Published Tuesday, 24 September 2013
The man, who wished to remain anonymous, said he saw children as young as 11 leaving homes at all hours - but wasn't allowed to stop them or put a hand on them.
He explained that staff are not allowed to restrain them unless they are a danger to themselves or others and cannot lock them in as that would be viewed as confinement.
Speaking to UTV's Sharon O'Neill, the care worker said: "They go out with nothing.
"You would not see them the next day or days later, then they return with money, new mobile phones, plenty of cigarettes.
"Some come back with new clothes on, watches, necklaces, all sorts of jewellery. The difficulty is some of these girls class these men as boyfriends."
The story of child exploitation in Northern Ireland first emerged eleven days ago and since then the care system and police have faced many questions.
Twenty-two young people between 13 and 18 in care here were abused.
Police have confirmed that 18 children identified as potential victims went missing from care more than 400 times in a year and a half.

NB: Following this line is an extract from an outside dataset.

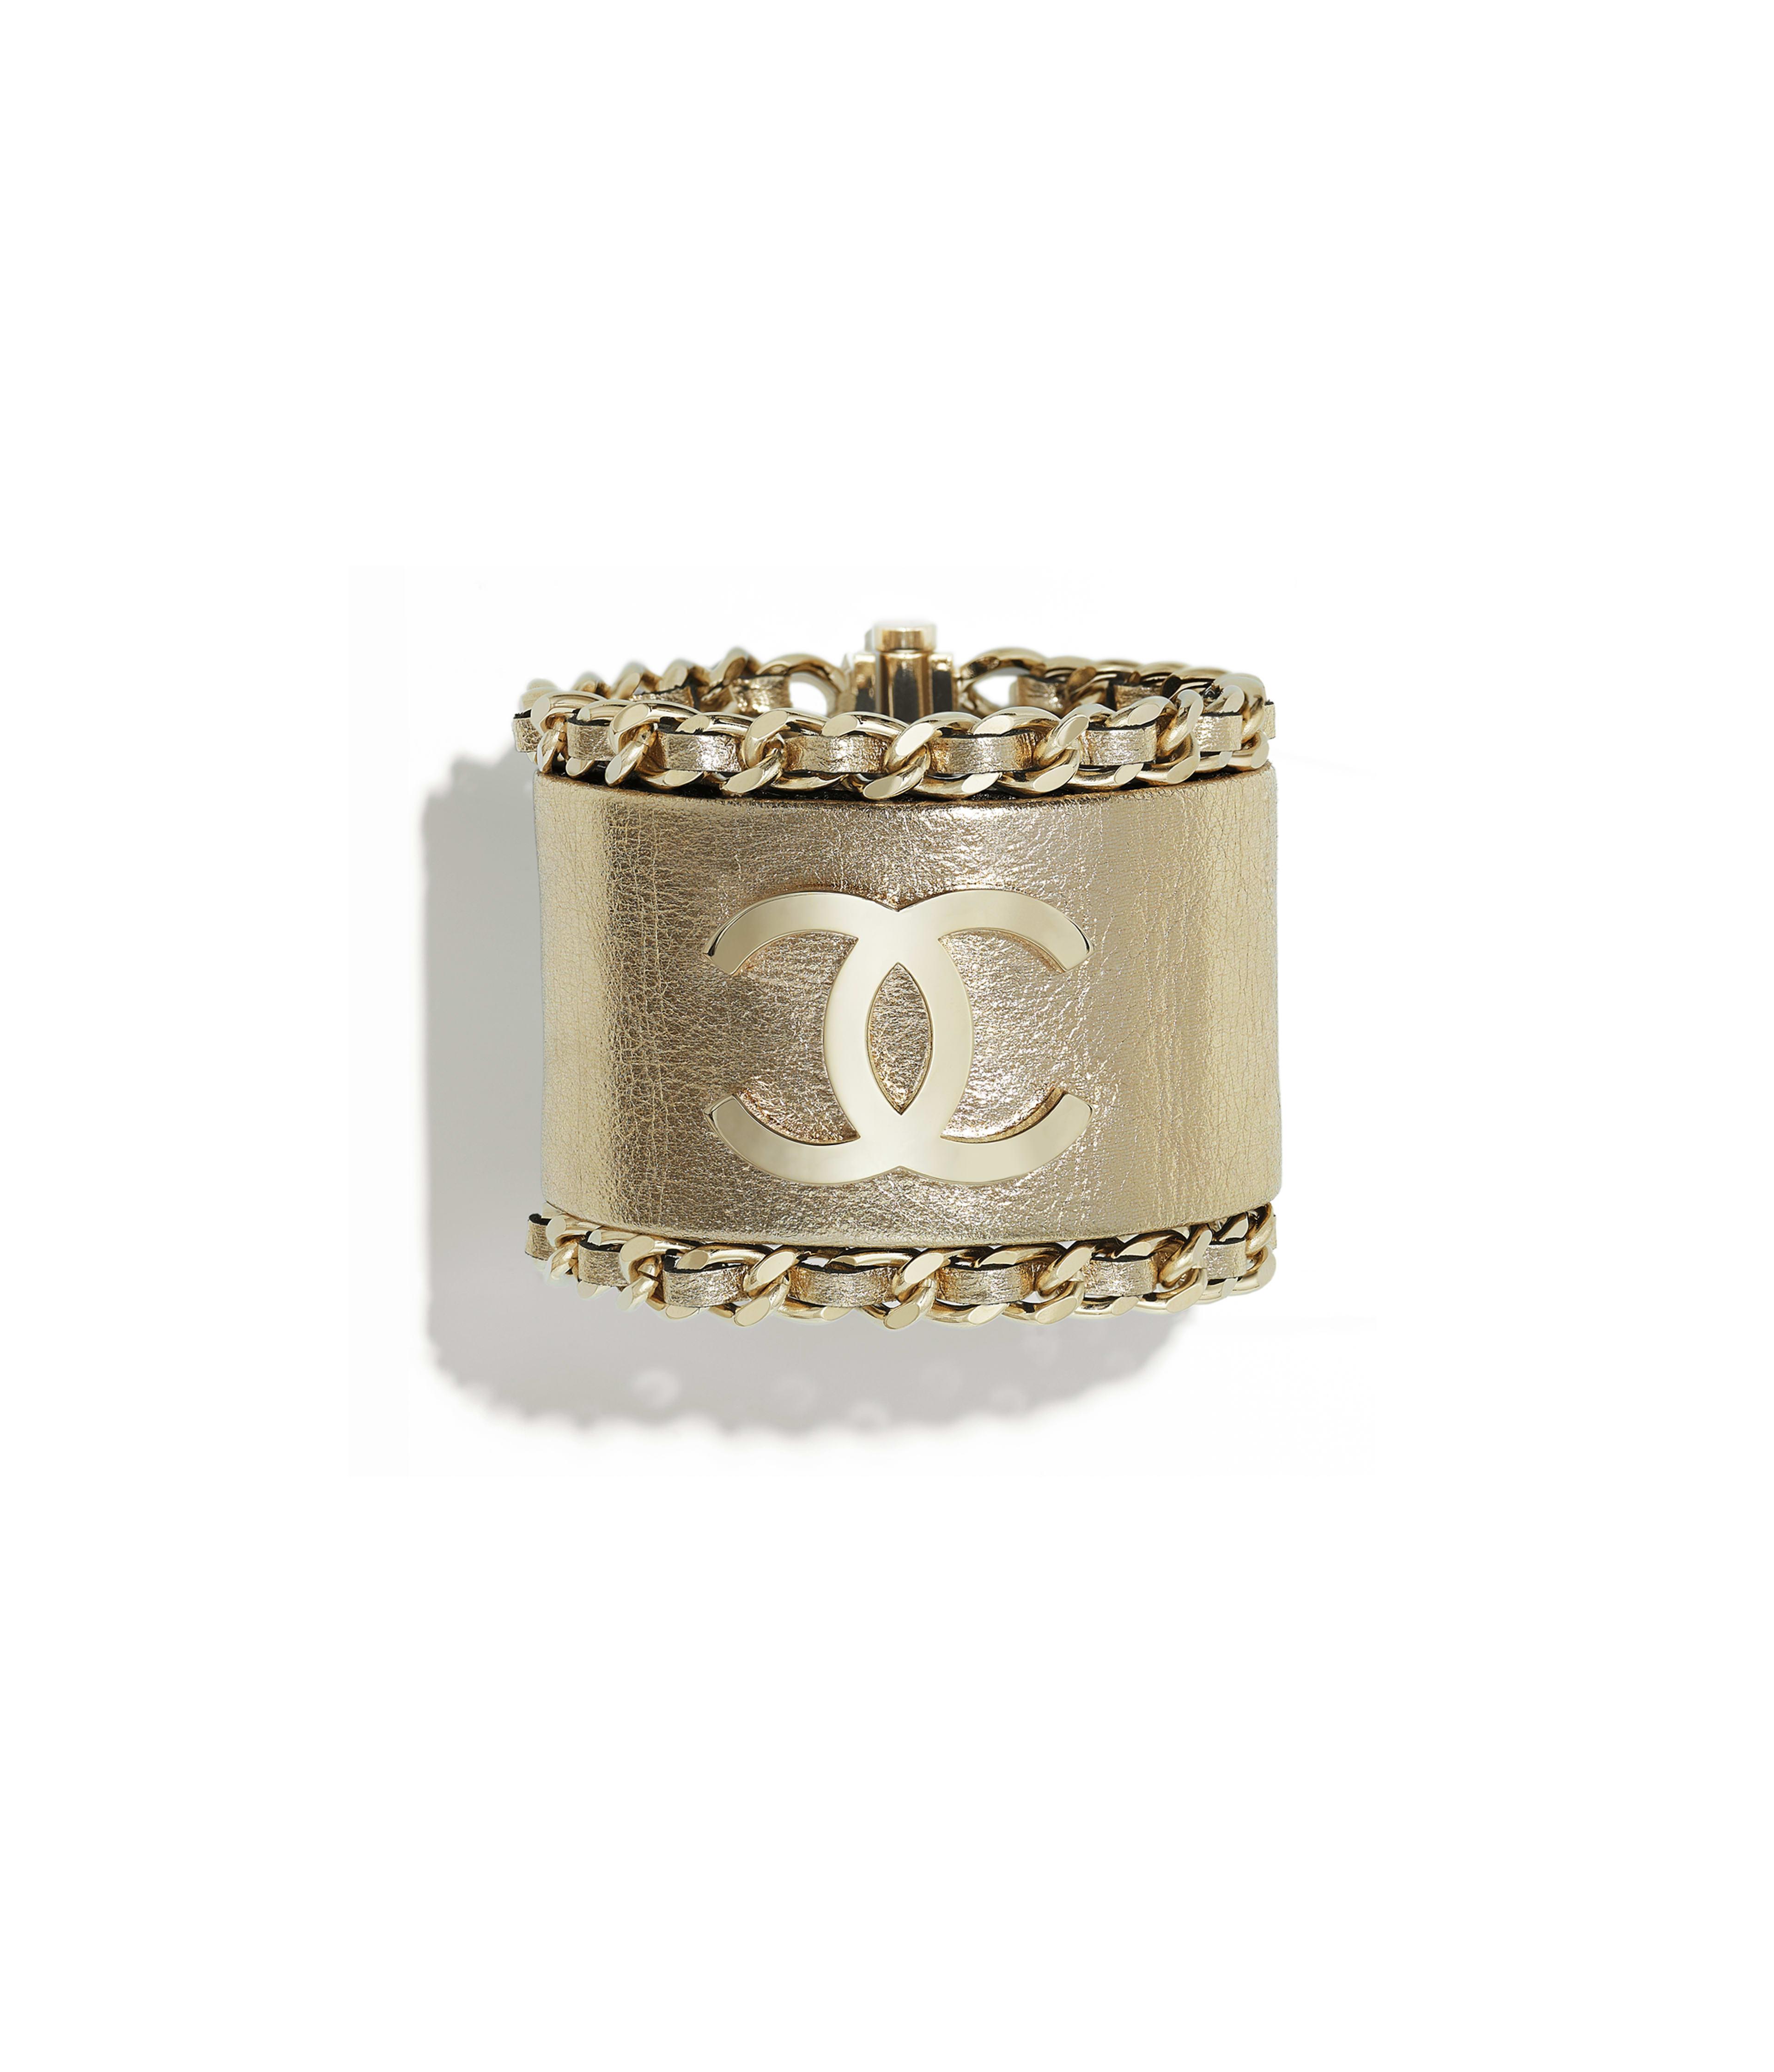 Cuff Metal Calfskin Gold Ref A53191y47058z6015

Officers believe most of the men involved are in their early 20s, although they range from teenagers to 60 year olds. More than 30 arrests have been made so far.

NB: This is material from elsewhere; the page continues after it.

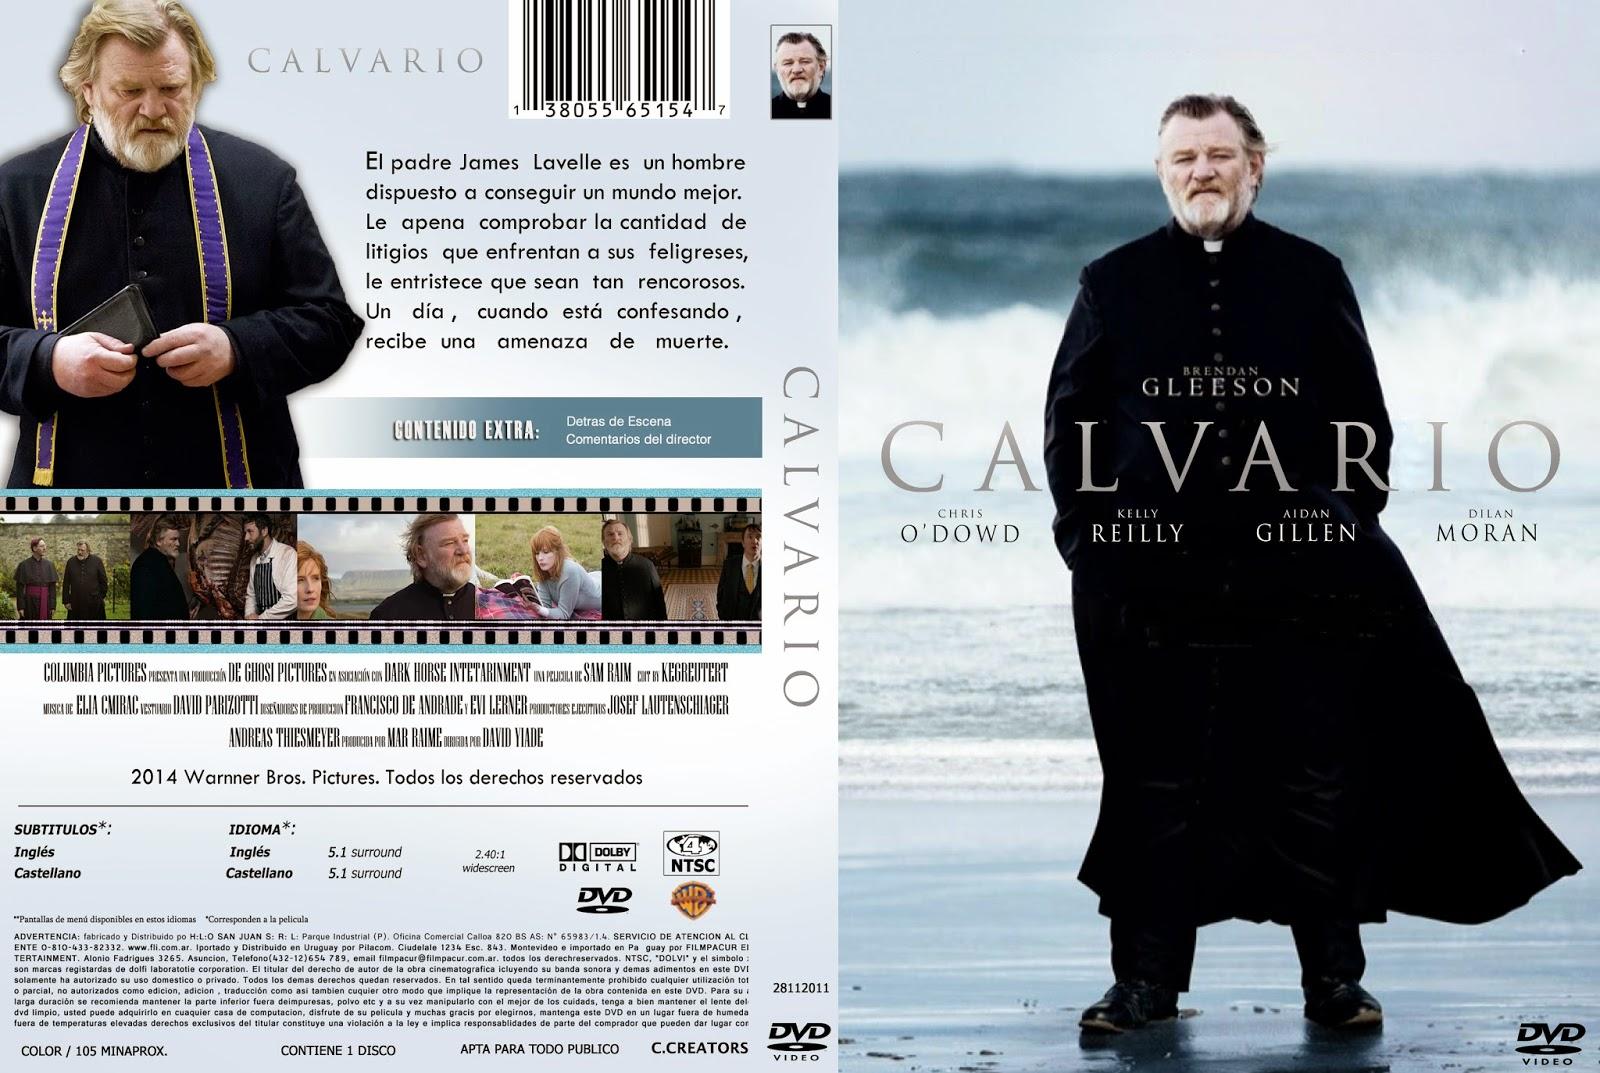 Calvário BDRip XviD Dual Áudio CALVARIO 2Bcovercreators

A senior investigating officer and a major investigation team from Crime Operations have now been appointed to lead the inquiry.

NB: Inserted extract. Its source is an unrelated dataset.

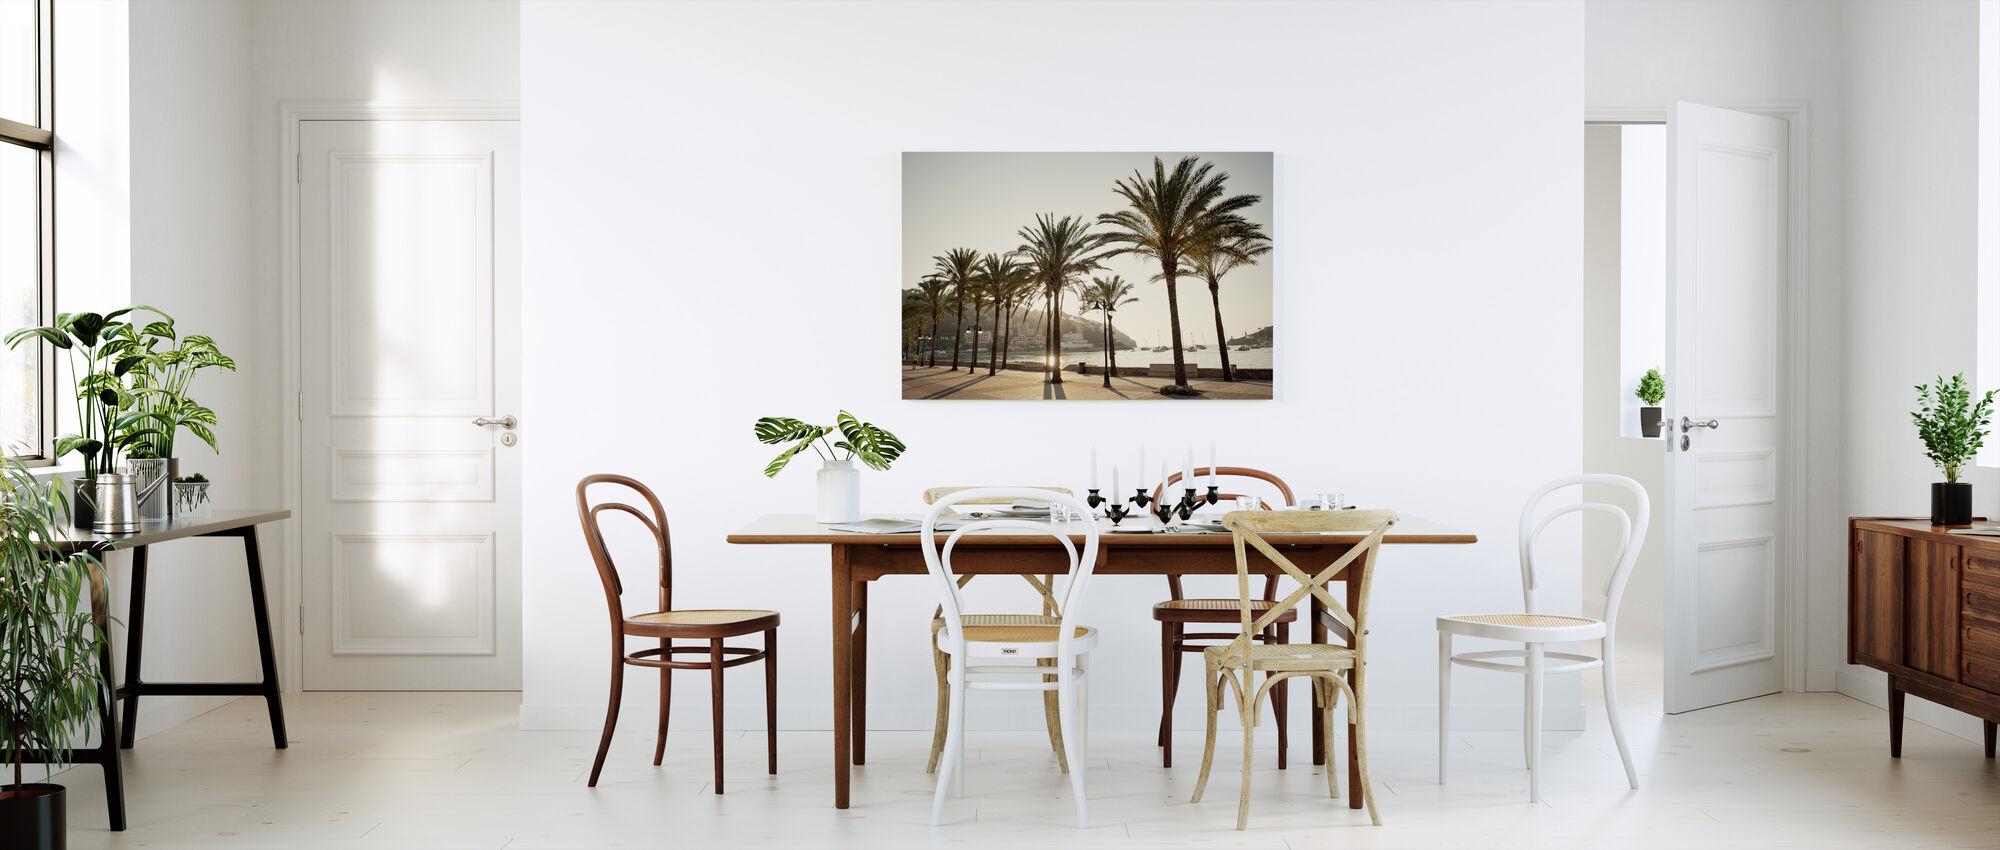 Mallorca Boardwalk - Canvas print - Kitchen

Health Minister Edwin Poots is currently considering a review into the revelations - and has encouraged any health workers with information to come forward.
Sharon said: "This care worker spoke about the lengths they went to to bring the children back, searching through the town for them. But they have to be aware of their own safety in all of this. He says the staff do all they can, manage the situation as best they can.
"But at the end of the day they are powerless. The care worker I spoke told says he has told police everything he knows. And they will investigate."